Şimdi bu gazeteye şu sorumluluk düşüyor, bu hikaye yalan olduğuna göre, onlara bu hikayeyi fısıldayanlar, bu teröristlerle işbirliği yapanlardır. Açıklasınlar bu fısıldayanları ki buzdağını görelim. Yok ama bunun doğru olduğunu iddia ediyorlarsa bu sefer vatandaşlık sorumluluk bilinci itibariyle beni yanlış çıkartacaklarsa gitsinler emniyet istihbarata, MİT istihbaratına bunu versinler. Vatandaşlık görevinin bir gereğidir bu."
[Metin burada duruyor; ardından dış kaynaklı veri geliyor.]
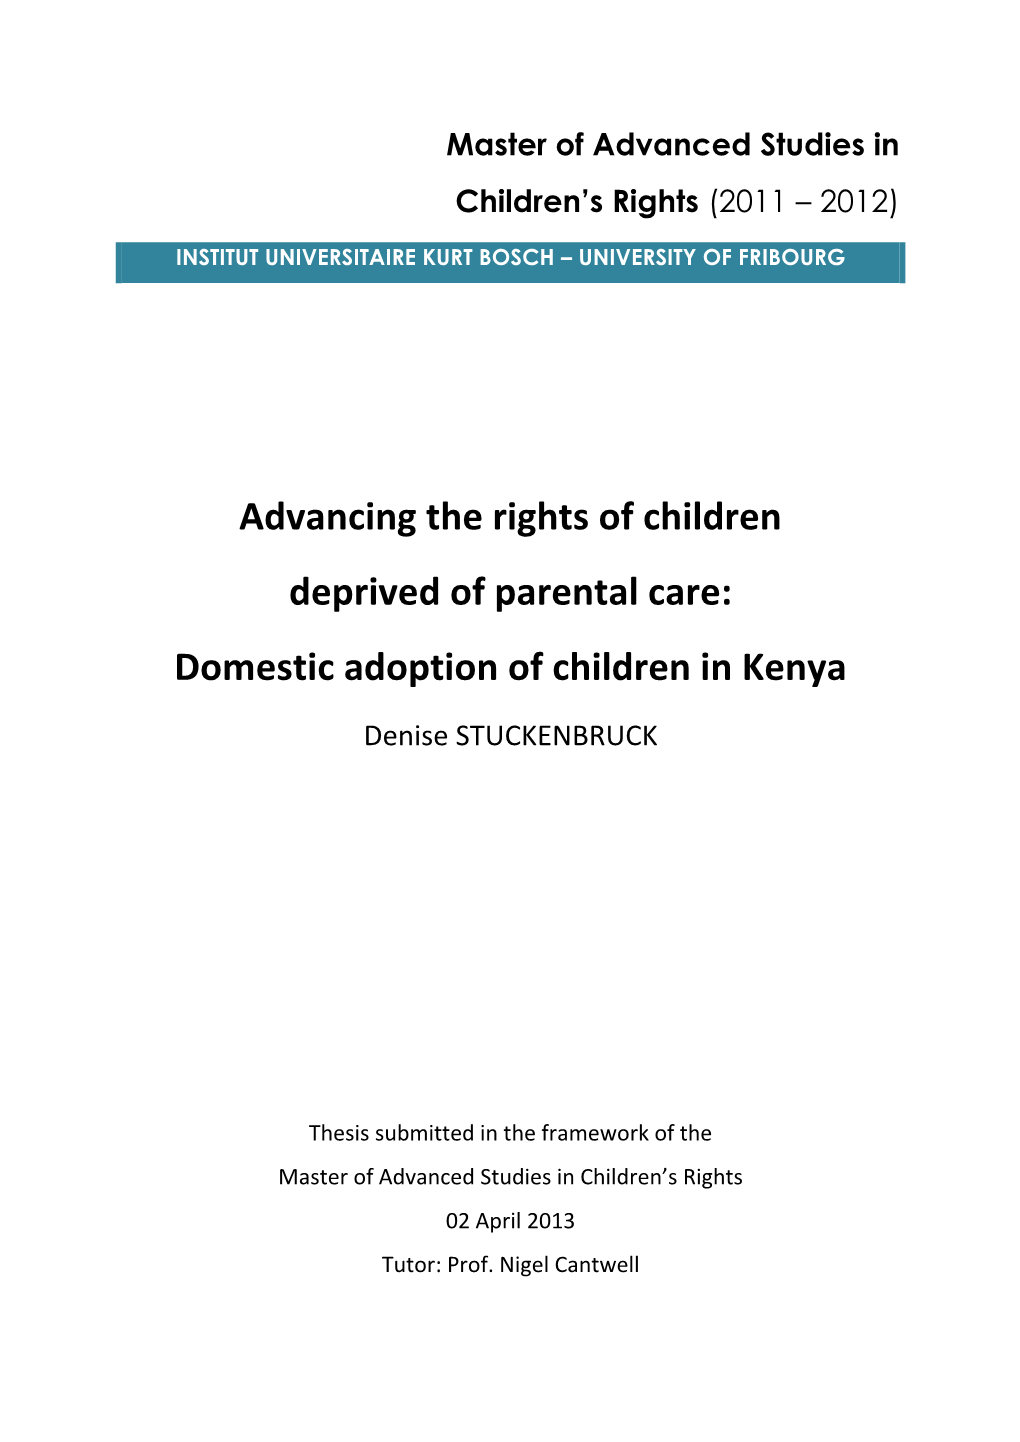 Domestic Adoption of Children in Kenya

Bu tarz bir yayını Gurdian'ın, New york Times'ın Le Monde'un yapmayacağını ifade eden Davutoğlu, "Sonra Türkiye'de çağdaş demokrasiden bahsedip, çağdaş demokratik hakları haklı olarak talep ederken çağdaş gazetecilik kültüründen bahsetmekten niye kaçınıyoruz?" dedi.
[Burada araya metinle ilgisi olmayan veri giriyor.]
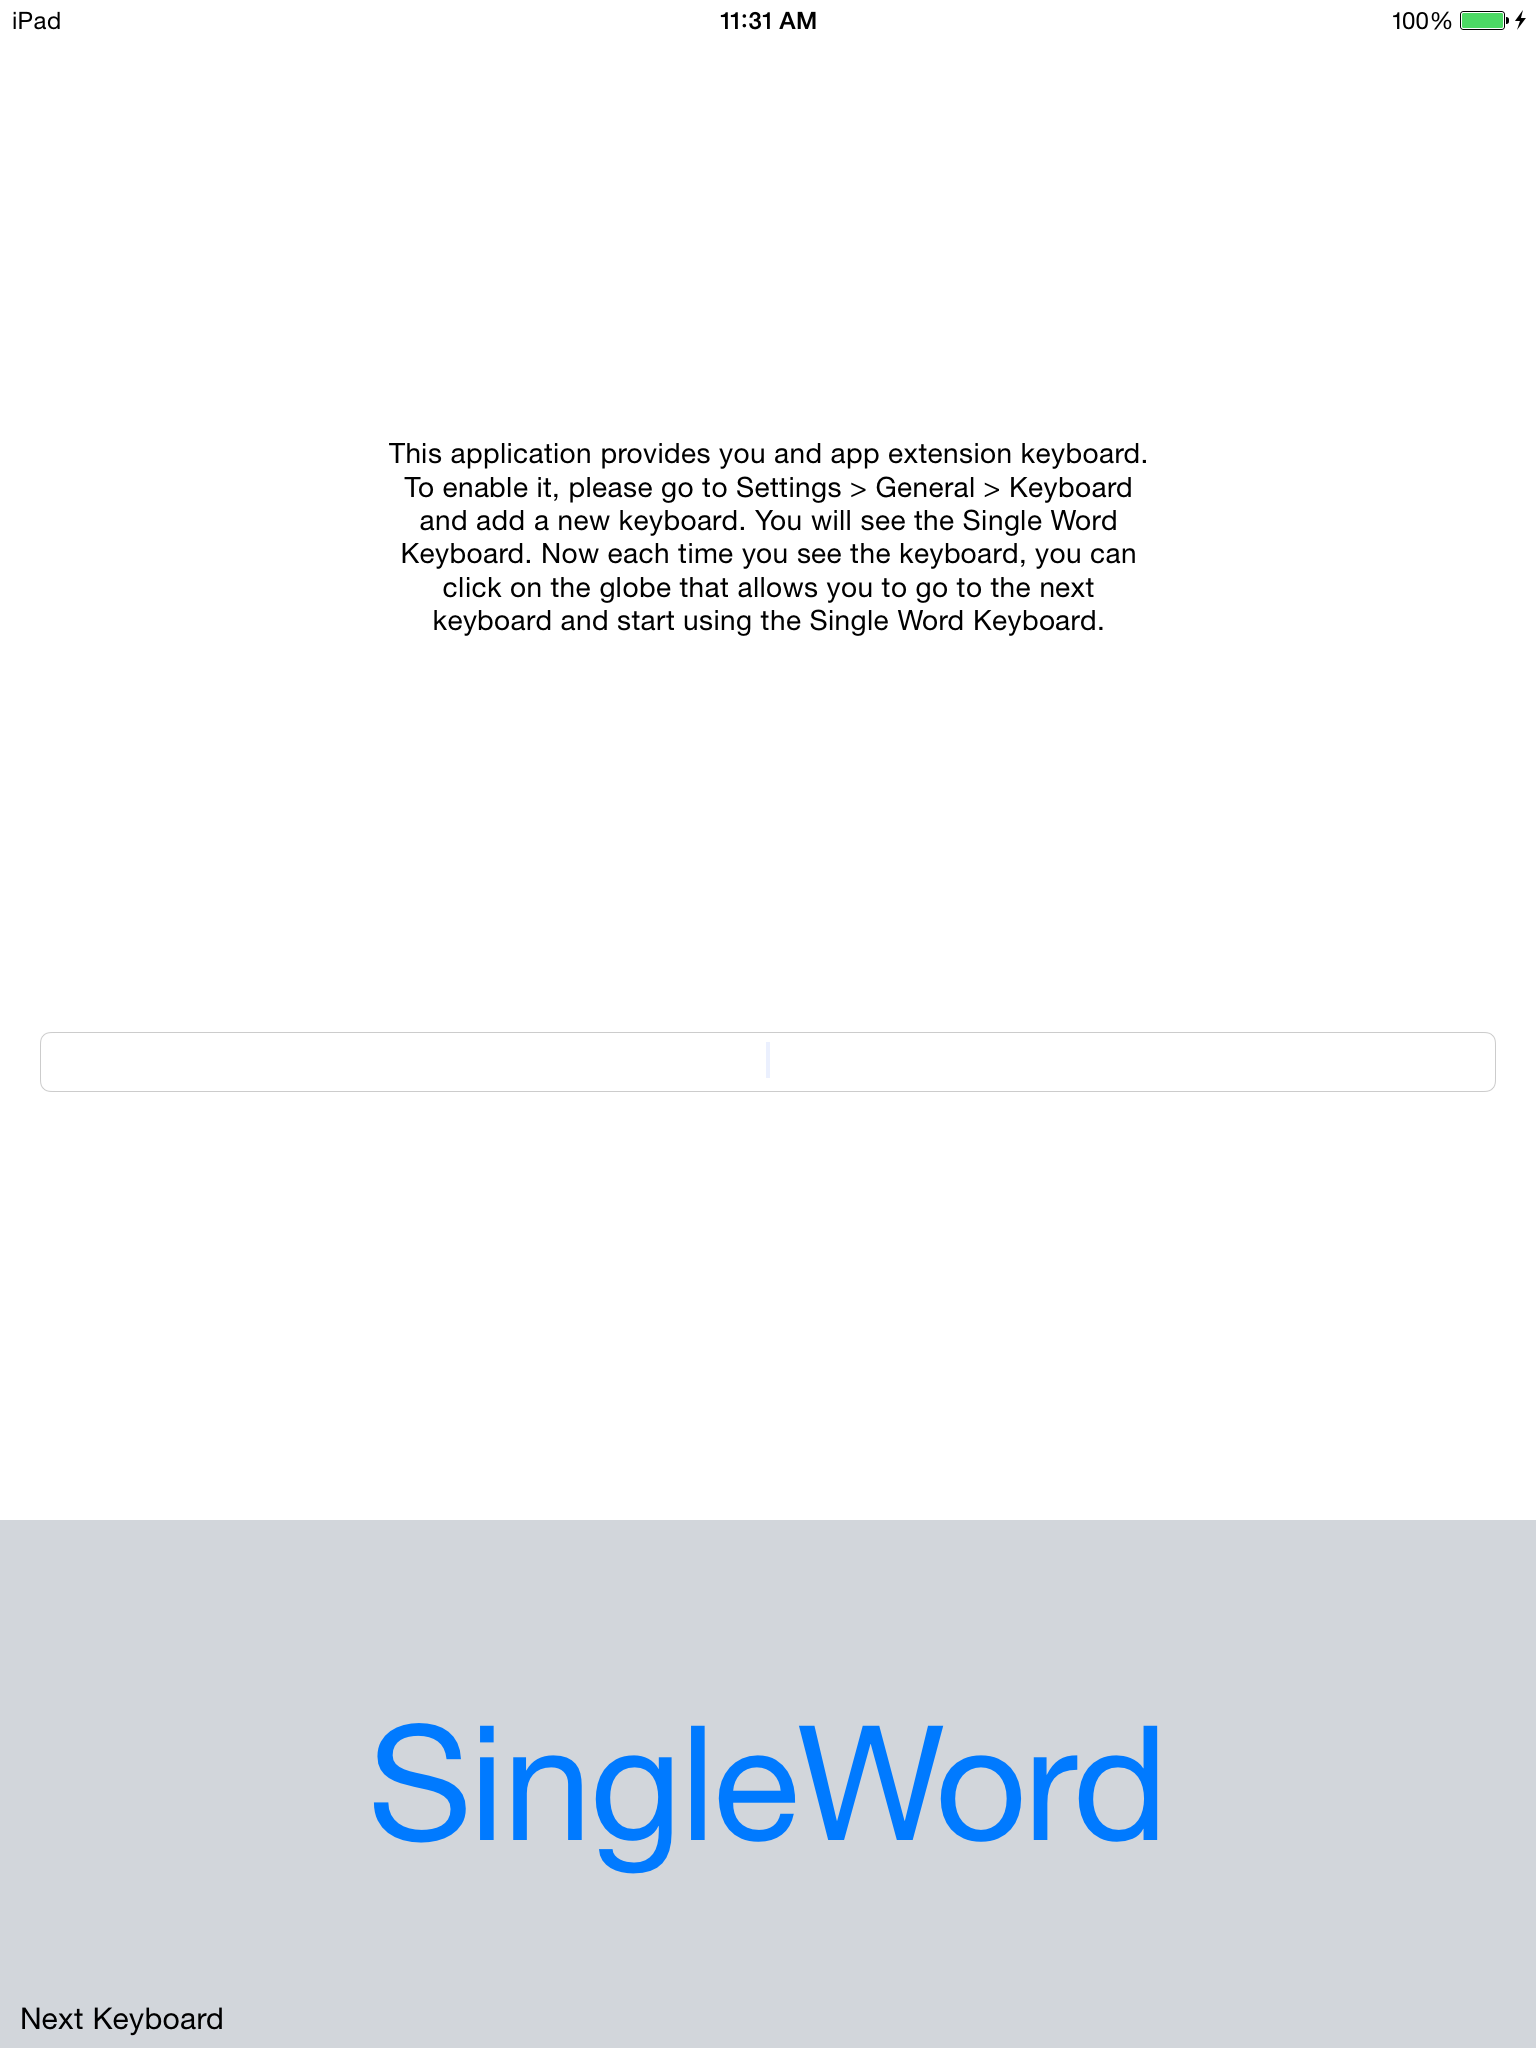 Single Word Keyboard application screenshot

-"O zaman da emniyet içine sızmış bazı odaklardan bahsetmek gerekir"

CHP Genel Başkanı Kılıçdaroğlu'nun emniyetin hükümet tarafından engellendiğini öne sürdüğünü aktaran Davutoğlu, "Sayın Kılıçdaroğlu'na da birileri bir şey fısıldıyor. Emniyet Genel Müdürümüz burada, İçişleri Bakanımız Ankara'da. Bütün emniyet birimleri, her yerde. Bir tek emniyet görevlisi 'Benim elim tutuluyor' derse çıksın o söylesin ama Sayın Kılıçdaroğlu'na birileri 'bizim elimizi tutuyorlar' diyorlarsa işte o zaman o emniyet görevlisi, bir, bürokratik etiğin dışına çıkmıştır; iki, açık bir şekilde 'ana muhalefet partisi üzerinden milleti emniyet görevlilerine karşı tahrik etme amacı güdüyor' demektir. O zaman da emniyet içine sızmış bazı odaklardan bahsetmek gerekir. Aynen Cizre'deki şeyleri yapan odaklar gibi, güvenlik birimlerinin üzerine gölge düşürenler" diye konuştu.
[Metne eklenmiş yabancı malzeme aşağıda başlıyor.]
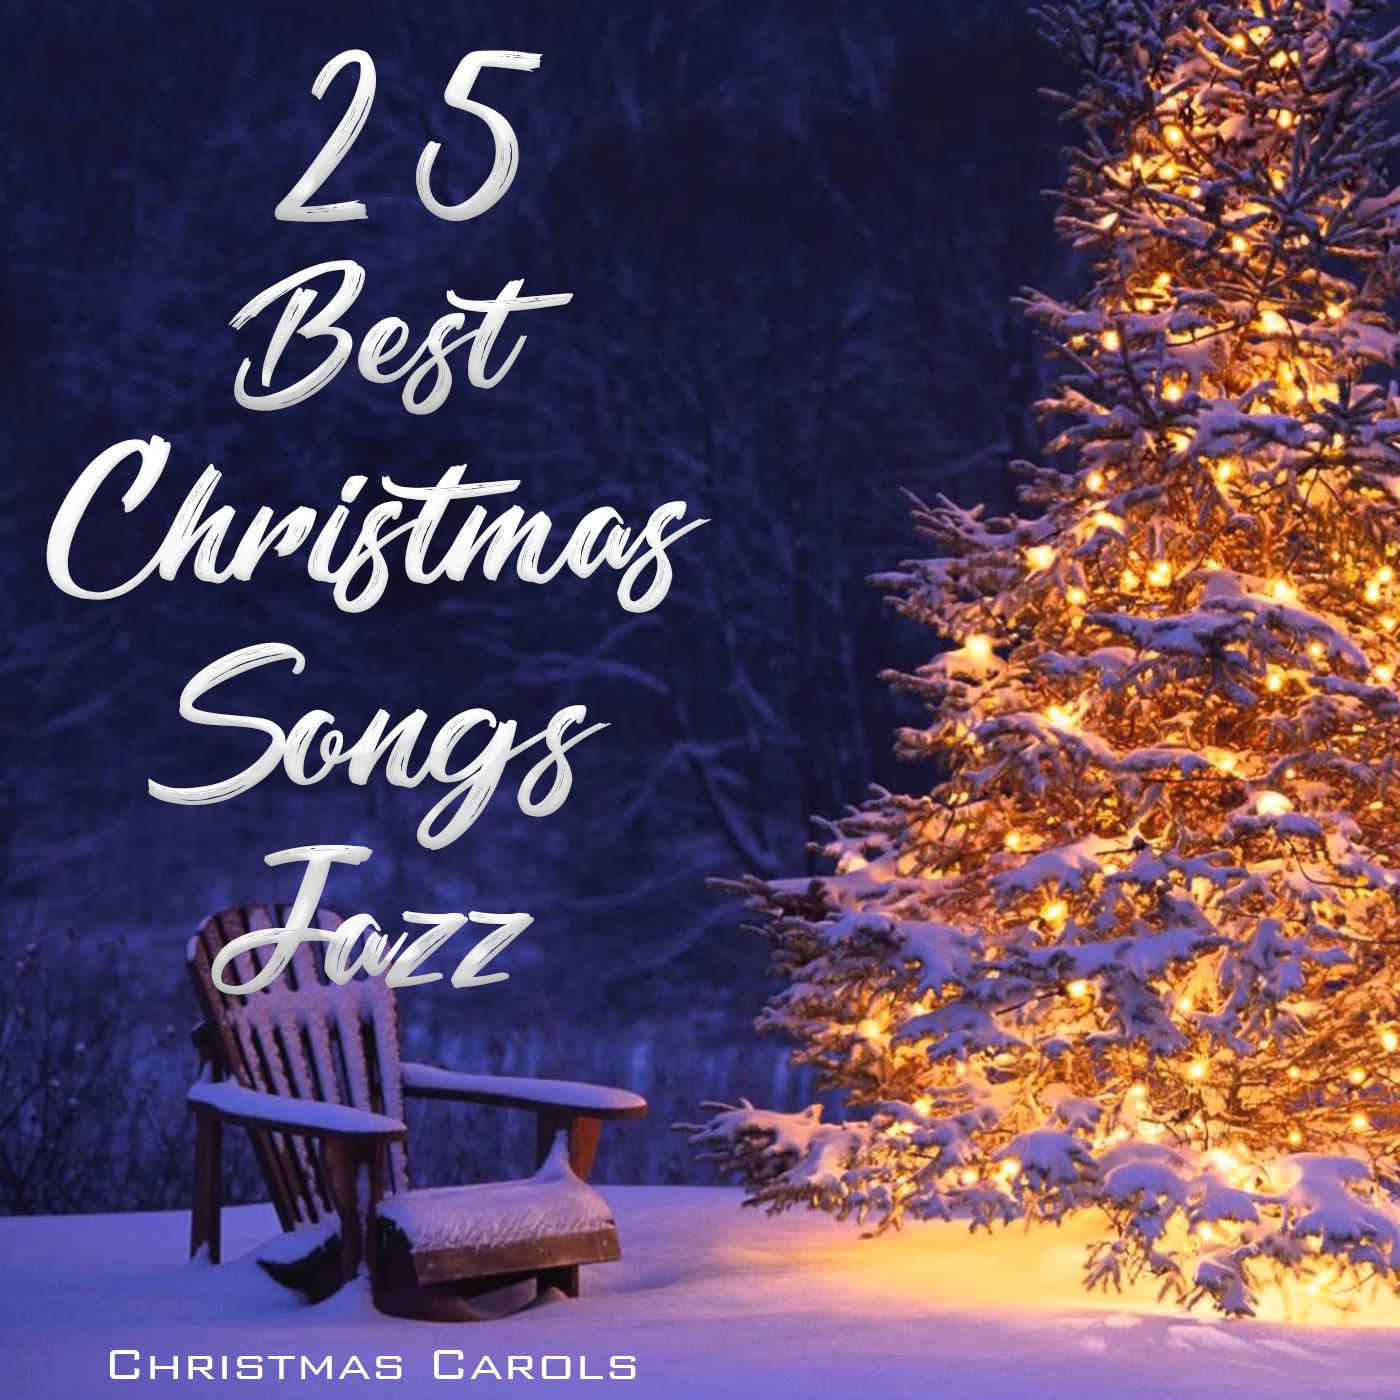 25 Best Christmas Songs Jazz

MHP Genel Başkanı Bahçeli'nin "Hükümet hiçbir şey yapmasın. Sadece askere ve emniyete bıraksın, onlar yapar" dediğini anımsatan Davutoğlu, şunları söyledi:

"Böyle siyaset yapılır mı? Asker ve emniyet, demokratik olarak seçilmiş hükümetin emrindedir. Demokrasi böyledir. Demek ki Sayın Bahçeli gelecek, diyecek ki 'Ben oraya geldim ama benim idare etmeme gerek yok. Askere ve emniyete devredeyim.' Zaten böyle yönetildi 90'lı yıllarda onların devri iktidarında. Müsteşarlar yönetti, bakanlar yönetmedi. Müsteşarları tahfif etmek için söylemiyorum. Ama bizim geleneğimizde müsteşarlar ya da bürokrasi, hesap verecek olan demokratik yolla seçilmiş hükümetin emrindedir."

-"PKK'yı savunmak size mi kaldı Sayın Kılıçdaroğlu?"

Ankara'daki terör saldırısına ilişkin iddianamenin en kısa zamanda hazırlanacağını dile getiren Davutoğlu, "Kesinlikle üstü örtülmez bu işlerin" dedi.

AK Parti döneminde hiçbir meselenin üstünün örtülmediğine işaret eden Davutoğlu, şunları aktardı:

"Şimdi de bu konuda kesinlikle şu anda failleri konusunda yüzde 100'e yakın bilgimiz var. Şimdi arkasındaki irtibatları tek tek çıkartacağız. Son derece ilginç irtibatlar bulundu. Kimlerin eli, kimin cebinde, bunu herkes görür. Şimdi bir telaş içinde... Yine Sayın Kılıçdaroğlu, dün diyor ki 'IŞİD'in üstünü örtmeye çalışıyorlar. Niye PKK'ya bulaştırılıyor?' anlamına gelen sözler söylüyor. PKK'yı savunmak size mi kaldı Sayın Kılıçdaroğlu? PKK, şu anda yurt sathında heryerde polisimize, askerimize saldırırken 'Bu olayda PKK bağlantısı yok' demek size mi kaldı? Üstü örtülü söylediği o.

Biz söylüyoruz, bu işin içinde DEAŞ var, IŞİD var hem de temel aktör olarak var ama o piyonları kimlerin yönlendirdiği, kimlerin o piyonları harekete geçirdiği konusunda biz sonuna kadar, buzdağının dibine kadar gideceğiz. Ne seçim buna engel olur ne diğer şeyler. Burada özellikle medyaya çağrım şu, muhalefet liderlerine, bizi eleştirin, bundan çekinmem, medya eleştirmek için var ama yürüyen bir davaya, soruşturmaya zarar vermeyin. Tam da teröristlerin istediği gibi, böyle bir 'flu bir ortam, puslu bir ortam var, emniyet ve güvenlik birimleri yeterince olayı kontrol edemiyorlar' gibi hava vererek teröristlerin oluşturmak istediği havaya katkıda bulunmayın. Dediğimiz bu."